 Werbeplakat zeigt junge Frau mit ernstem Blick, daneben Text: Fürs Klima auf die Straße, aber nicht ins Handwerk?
==
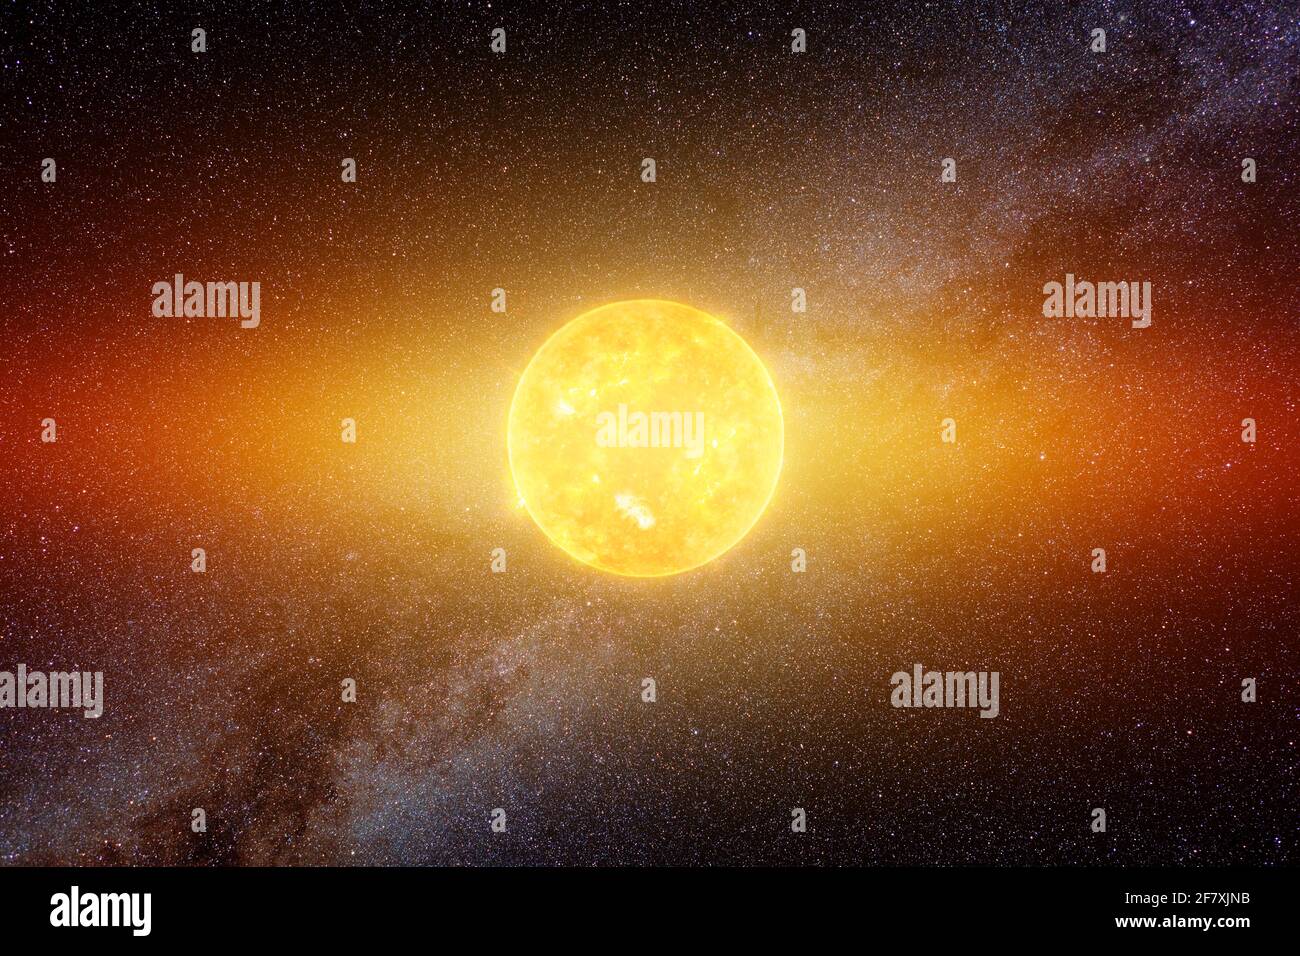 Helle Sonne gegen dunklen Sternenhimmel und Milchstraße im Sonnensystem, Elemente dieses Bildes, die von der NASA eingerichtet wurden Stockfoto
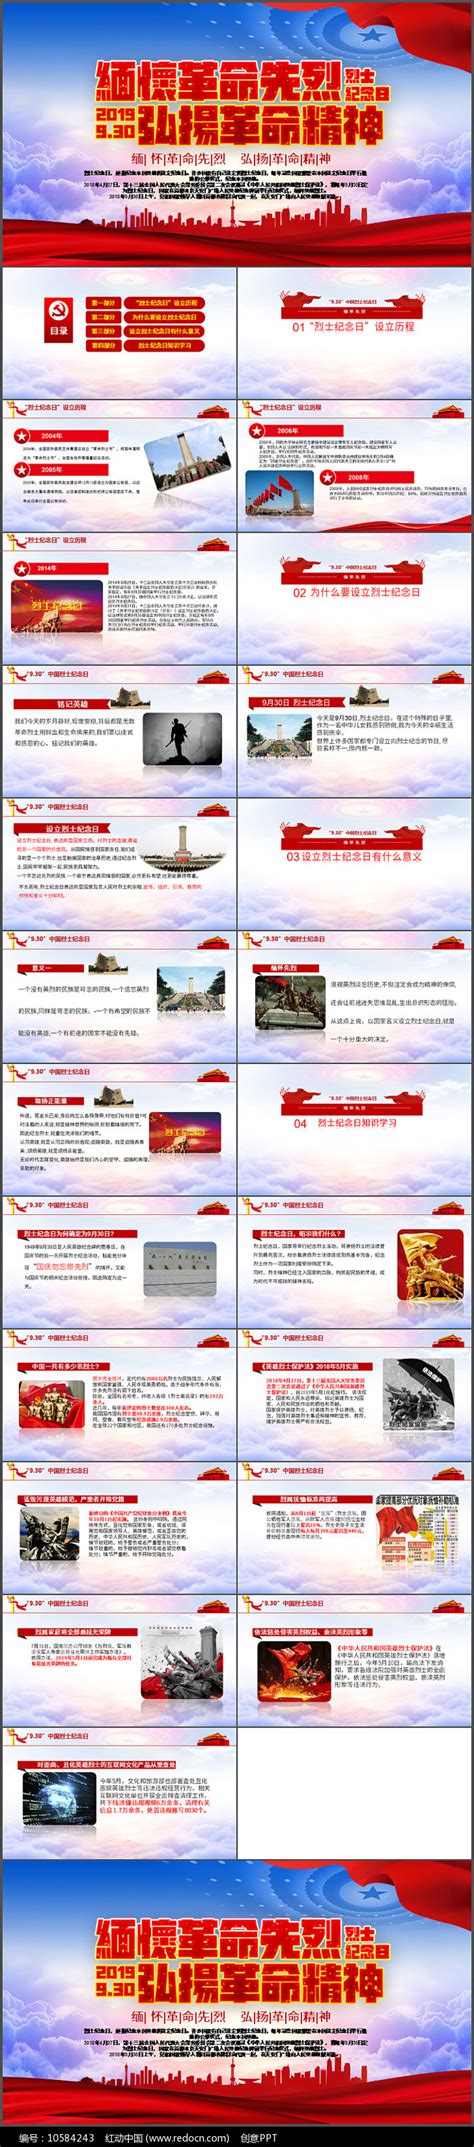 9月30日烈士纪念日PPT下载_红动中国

Your instructions » Taking the entries above, copy word for word the lines from the one with "Helle Sonne gegen" up to and including the one with "9月30日烈士纪念日PPT下载_红动中国", without any picture.

Your response »
 Helle Sonne gegen dunklen Sternenhimmel und Milchstraße im Sonnensystem, Elemente dieses Bildes, die von der NASA eingerichtet wurden Stockfoto
 9月30日烈士纪念日PPT下载_红动中国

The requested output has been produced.